[Records drawn from a dataset]
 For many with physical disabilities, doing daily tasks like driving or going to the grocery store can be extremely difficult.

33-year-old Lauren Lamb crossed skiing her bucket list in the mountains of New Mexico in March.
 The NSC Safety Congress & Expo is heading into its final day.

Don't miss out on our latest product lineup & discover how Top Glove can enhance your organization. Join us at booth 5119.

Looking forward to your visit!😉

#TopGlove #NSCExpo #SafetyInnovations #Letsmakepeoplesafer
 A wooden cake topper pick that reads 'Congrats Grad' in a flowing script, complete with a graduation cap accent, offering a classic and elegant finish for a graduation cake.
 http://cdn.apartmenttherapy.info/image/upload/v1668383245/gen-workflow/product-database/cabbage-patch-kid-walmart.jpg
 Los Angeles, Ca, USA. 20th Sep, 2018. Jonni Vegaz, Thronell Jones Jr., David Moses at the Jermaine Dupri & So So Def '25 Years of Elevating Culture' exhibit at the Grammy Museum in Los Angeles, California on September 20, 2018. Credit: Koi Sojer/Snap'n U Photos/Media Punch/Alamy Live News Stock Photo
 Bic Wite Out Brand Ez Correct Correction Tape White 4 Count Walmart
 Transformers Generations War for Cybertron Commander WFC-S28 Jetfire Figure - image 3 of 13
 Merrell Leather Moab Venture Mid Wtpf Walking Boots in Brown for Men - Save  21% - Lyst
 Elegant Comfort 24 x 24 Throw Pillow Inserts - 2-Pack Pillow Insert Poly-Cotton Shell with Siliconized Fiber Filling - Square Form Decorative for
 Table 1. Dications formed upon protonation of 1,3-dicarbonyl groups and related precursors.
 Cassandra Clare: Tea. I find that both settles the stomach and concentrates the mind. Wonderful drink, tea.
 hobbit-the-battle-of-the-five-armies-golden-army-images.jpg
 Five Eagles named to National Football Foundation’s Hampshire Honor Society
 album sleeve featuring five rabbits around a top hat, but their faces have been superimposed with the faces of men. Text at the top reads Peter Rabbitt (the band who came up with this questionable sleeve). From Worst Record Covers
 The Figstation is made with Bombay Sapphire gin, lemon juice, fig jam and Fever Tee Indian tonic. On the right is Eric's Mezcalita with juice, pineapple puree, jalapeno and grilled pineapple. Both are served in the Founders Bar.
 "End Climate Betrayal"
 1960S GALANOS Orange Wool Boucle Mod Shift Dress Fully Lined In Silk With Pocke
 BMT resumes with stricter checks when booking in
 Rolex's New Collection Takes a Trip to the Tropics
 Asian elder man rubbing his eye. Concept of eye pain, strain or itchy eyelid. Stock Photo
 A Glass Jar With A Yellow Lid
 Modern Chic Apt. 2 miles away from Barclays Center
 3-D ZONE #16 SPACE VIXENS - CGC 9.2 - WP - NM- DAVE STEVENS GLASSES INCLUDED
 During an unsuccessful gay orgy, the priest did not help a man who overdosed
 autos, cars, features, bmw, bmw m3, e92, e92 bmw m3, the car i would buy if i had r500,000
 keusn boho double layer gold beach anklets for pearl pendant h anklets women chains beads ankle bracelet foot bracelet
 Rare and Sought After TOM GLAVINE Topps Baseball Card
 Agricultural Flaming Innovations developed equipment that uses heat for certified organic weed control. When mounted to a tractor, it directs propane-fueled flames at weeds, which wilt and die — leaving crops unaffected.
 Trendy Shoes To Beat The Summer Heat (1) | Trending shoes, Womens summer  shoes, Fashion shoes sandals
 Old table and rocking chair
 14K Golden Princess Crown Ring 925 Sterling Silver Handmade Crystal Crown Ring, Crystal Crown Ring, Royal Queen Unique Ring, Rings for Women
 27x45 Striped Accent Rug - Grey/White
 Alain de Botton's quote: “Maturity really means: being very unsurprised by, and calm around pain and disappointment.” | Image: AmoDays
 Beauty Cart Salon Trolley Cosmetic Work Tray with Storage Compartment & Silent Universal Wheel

*ASSIGNED TASK:* Find the lines above holding the word "that" and show them.

*THE COMPLETED TASK:*
 A wooden cake topper pick that reads 'Congrats Grad' in a flowing script, complete with a graduation cap accent, offering a classic and elegant finish for a graduation cake.
 Cassandra Clare: Tea. I find that both settles the stomach and concentrates the mind. Wonderful drink, tea.
 Agricultural Flaming Innovations developed equipment that uses heat for certified organic weed control. When mounted to a tractor, it directs propane-fueled flames at weeds, which wilt and die — leaving crops unaffected.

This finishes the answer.